This study was approved by both the Guangdong general hospital ethics committee and the BGI ethics committee. All protocols were conducted in compliance with the Declaration of Helsinki. All participants provided written informed consent to take part in the study.

Sample sequencing in two stages

We sequenced the whole exome of 168 patients in the discovery cohort. Genomic DNA for each sample was used to produce each exome-captured library with the NimbleGen SeqCap EZ Exome (44MB, Roche) array.

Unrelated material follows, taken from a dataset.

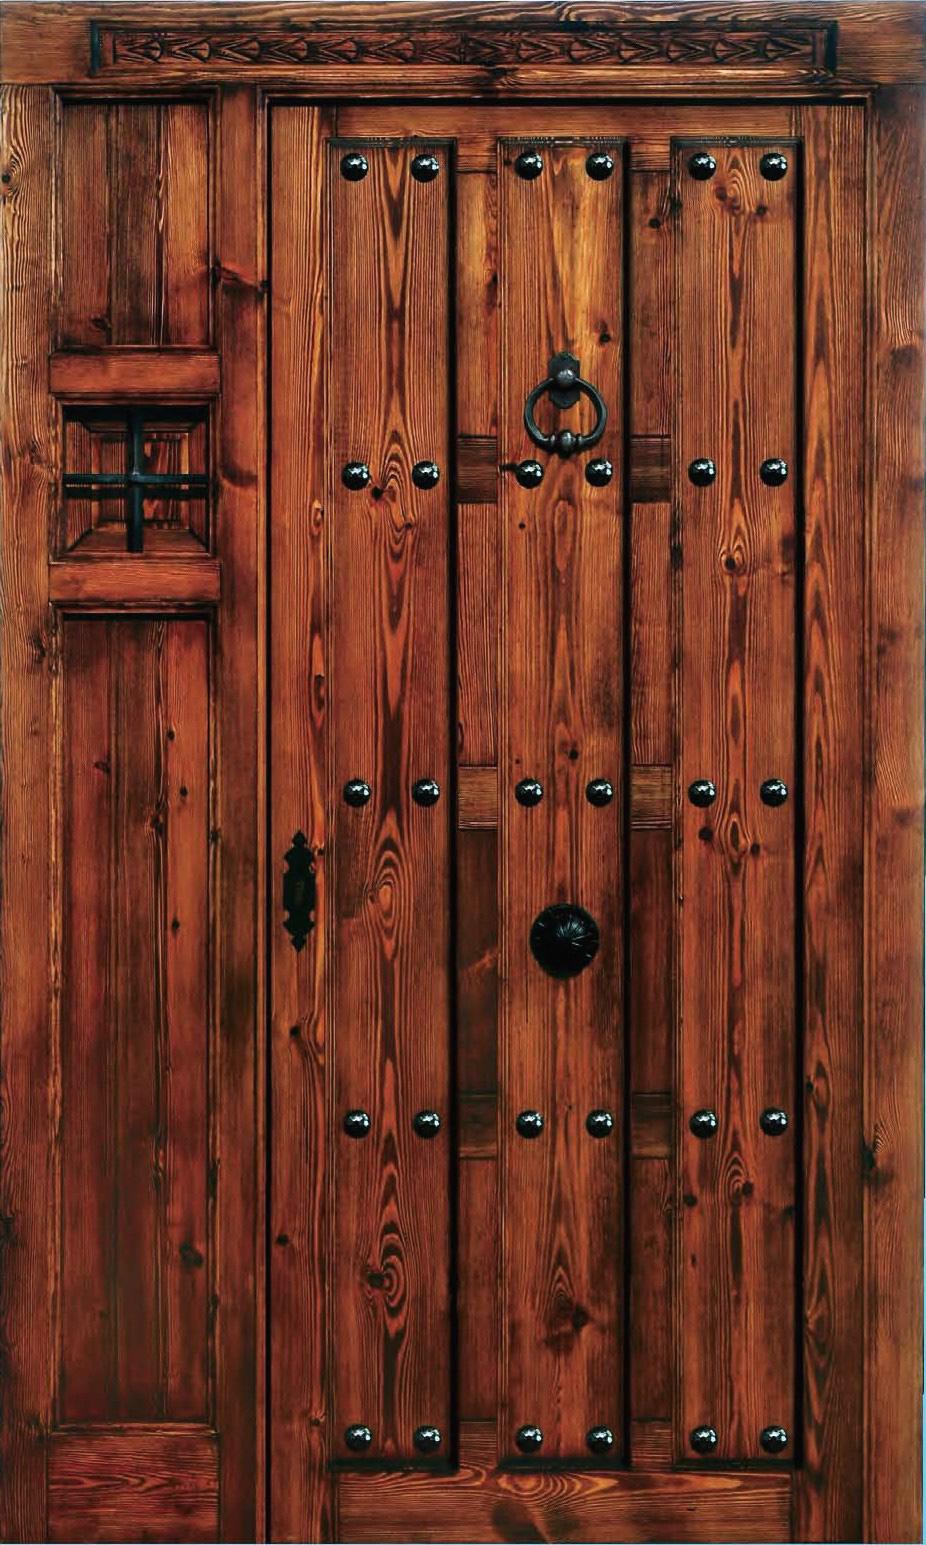 Puerta madera antigua puerta de madera antigua imagenes - Puertas usadas de madera ...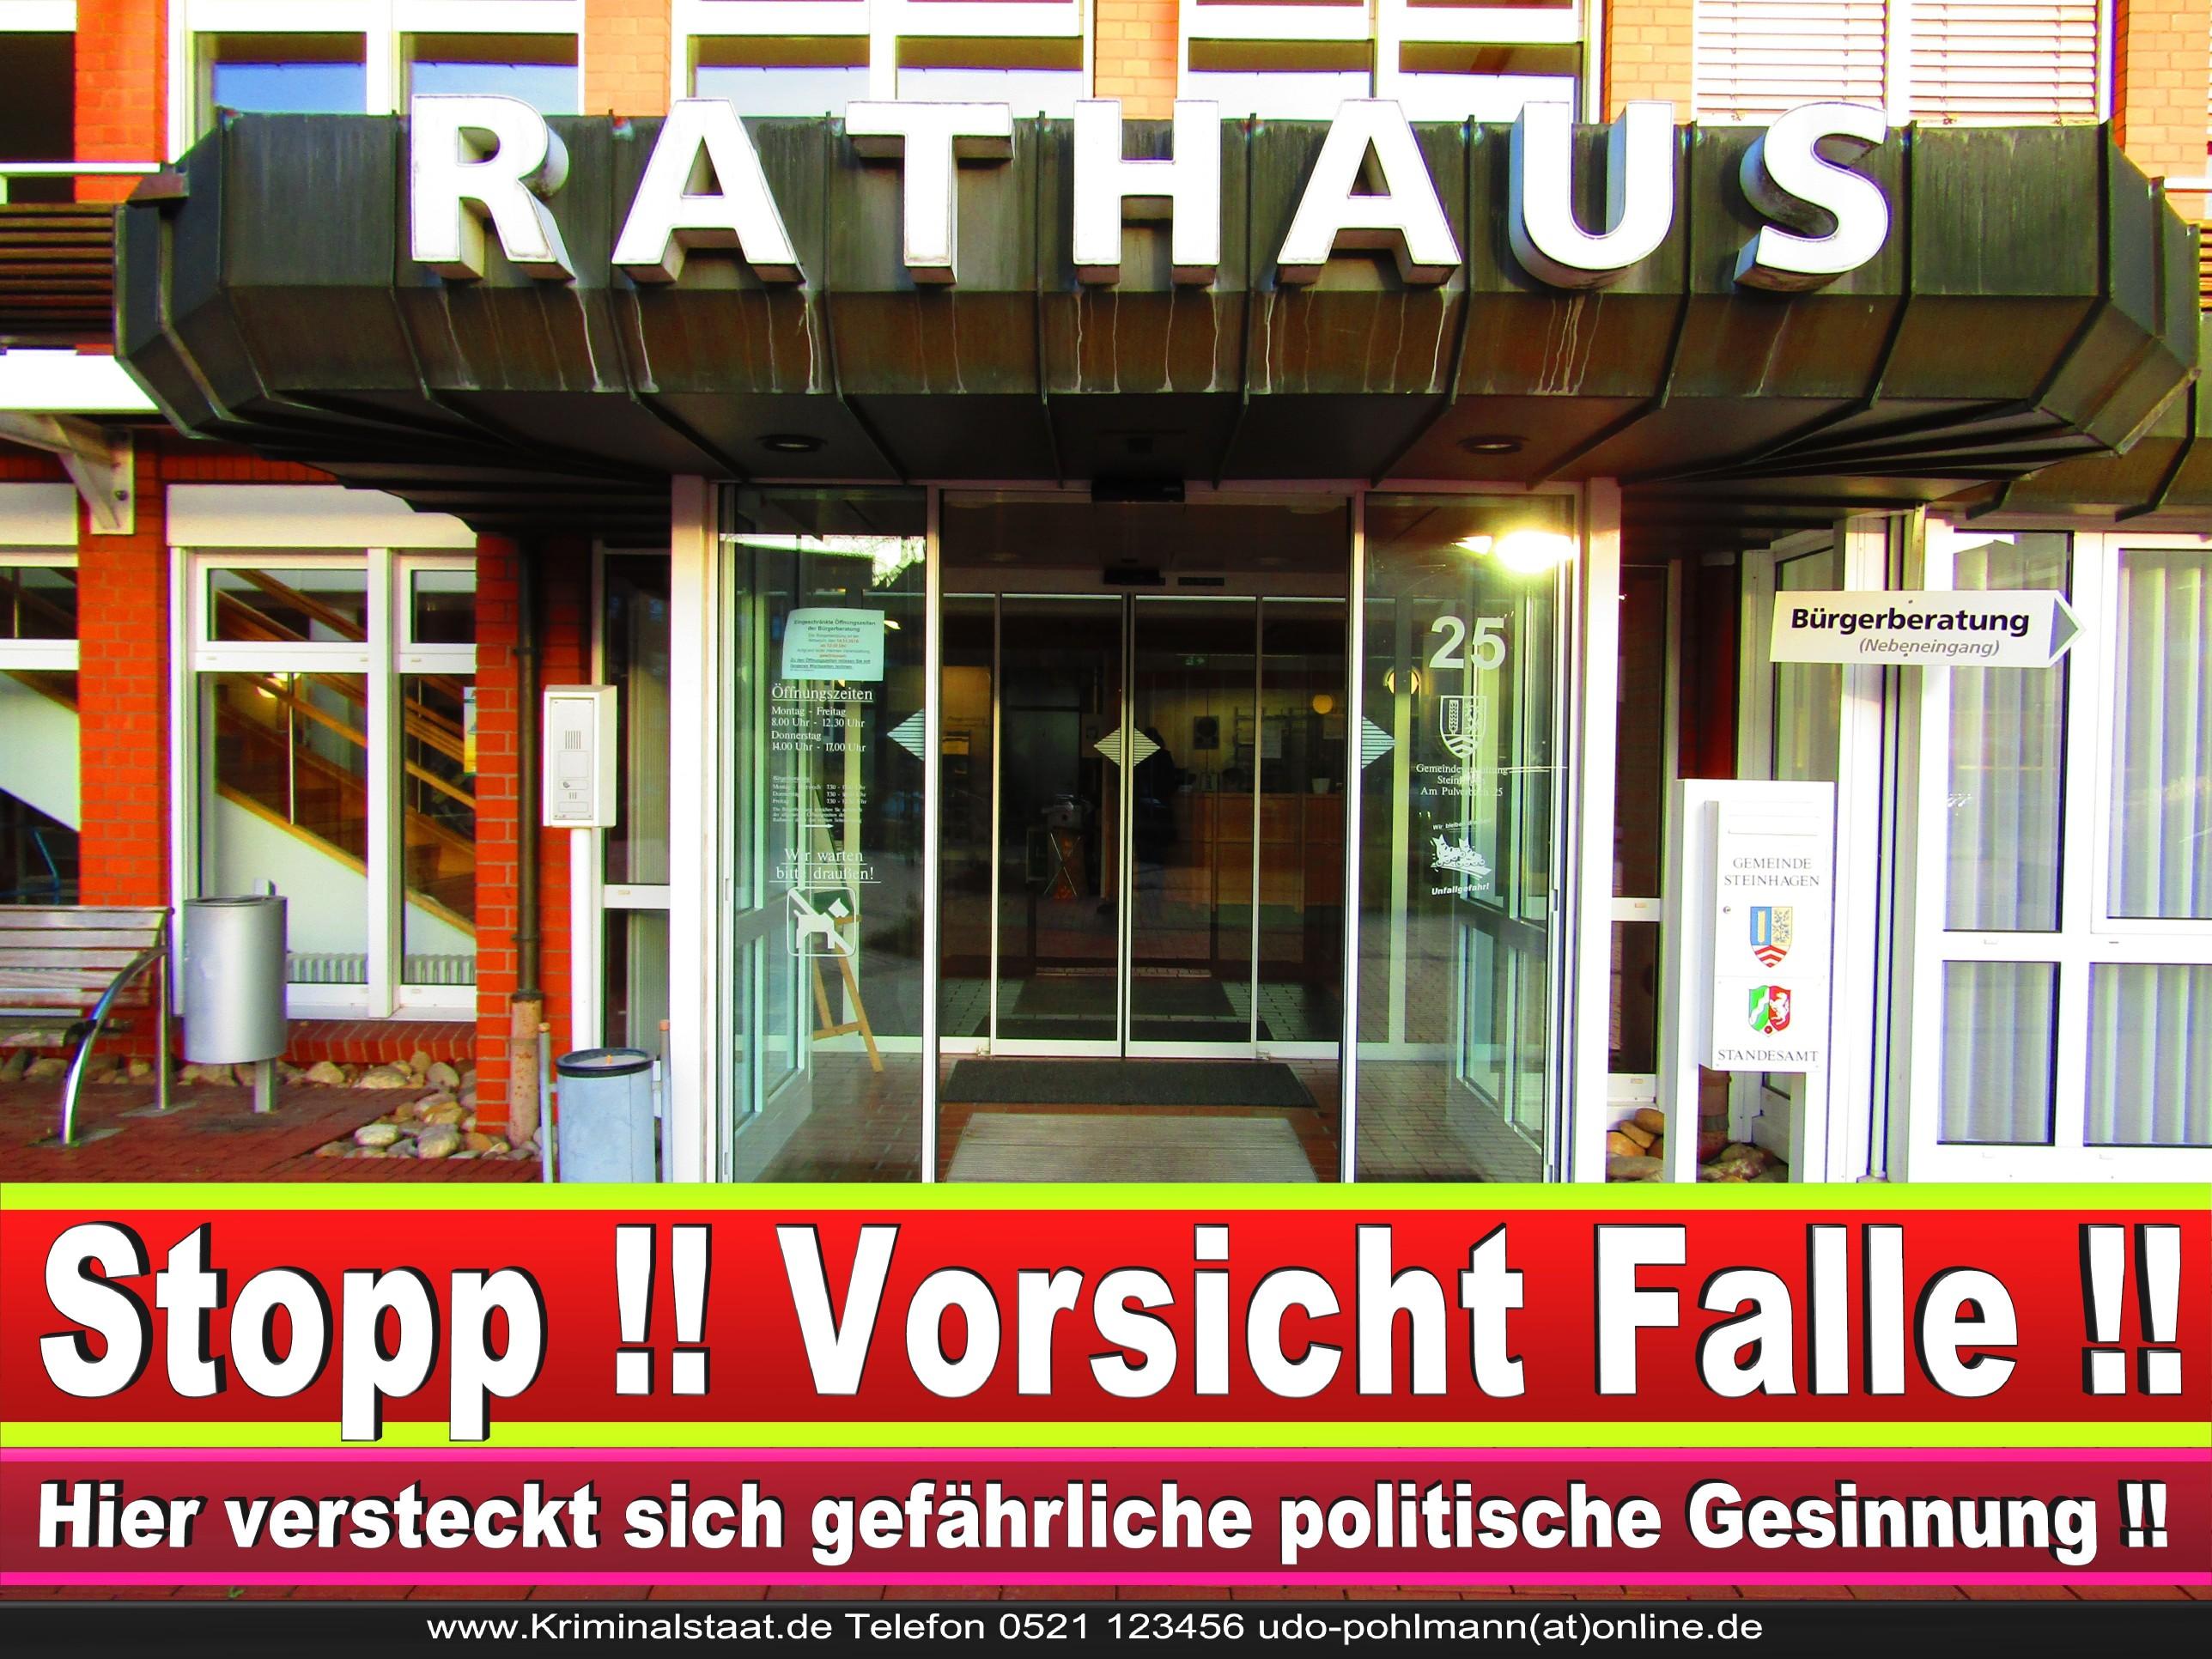 Rathaus Steinhagen CDU SPD FDP Ortsverband CDU Bürgerbüro CDU SPD Korruption Polizei Bürgermeister Karte Telefonbuch NRW OWL (15)

Then each captured library was independently sequenced on the Illumina Hiseq 2000 platform. Each sample was designed to get high-quality bases with coverage of >90×.

We sequenced the 6-MB targeted region of 1793 patients in the replication cohort. The targeted region consisted of three parts. The first part was the top associated SNVs with P < 0.05 in the discovery stage. The second part was top genes with P < 0.05 in gene-based test in the discovery study. Gene-based analysis was performed using the Fast Association Tests (FAST) tool [13], which includes a series of gene-based methods. Four algorithms, including (i) Gene-Wide Significance test (GWiS); (ii) MinSNP-p and MinSNP-gene; (iii) Versatile Gene-Based Test for Genome-wide Association (VEGAS); (v) the Gates test (GATES), were used to test the gene-based association with MACE. The significant gene (P < 0.05) in at least three of the four tests was selected for the targeted region design. The third part was 49 reported genes within the pharmacokinetic and pharmadynamics pathway of clopidogrel, aspirin, statin, or beta-blockers. All the three parts were combined and merged into 6MB target regions. Then the targeted region for each sample was sequenced on Complete Genomics (CG) platform [14] with high quality and coverage.

Sample quality control

We required the samples to meet these criteria: (i) average sequencing depth ≥90× in exome-sequencing stage, (ii) average sequencing depth ≥30× in targeted sequencing stage, (iii) genotype calling rate ≥90%, (iv) not-existing population stratification by performing principal component analysis (PCA) analysis that was performed via the multidimensional scaling (MDS) procedure implemented in PLINK v 1.07 [15], and (v) not be duplicates or first-degree relatives while evaluating pairwise by identity by descent (IBD). After quality control filtering, 90 samples from the targeted sequencing stage were excluded from subsequent analysis.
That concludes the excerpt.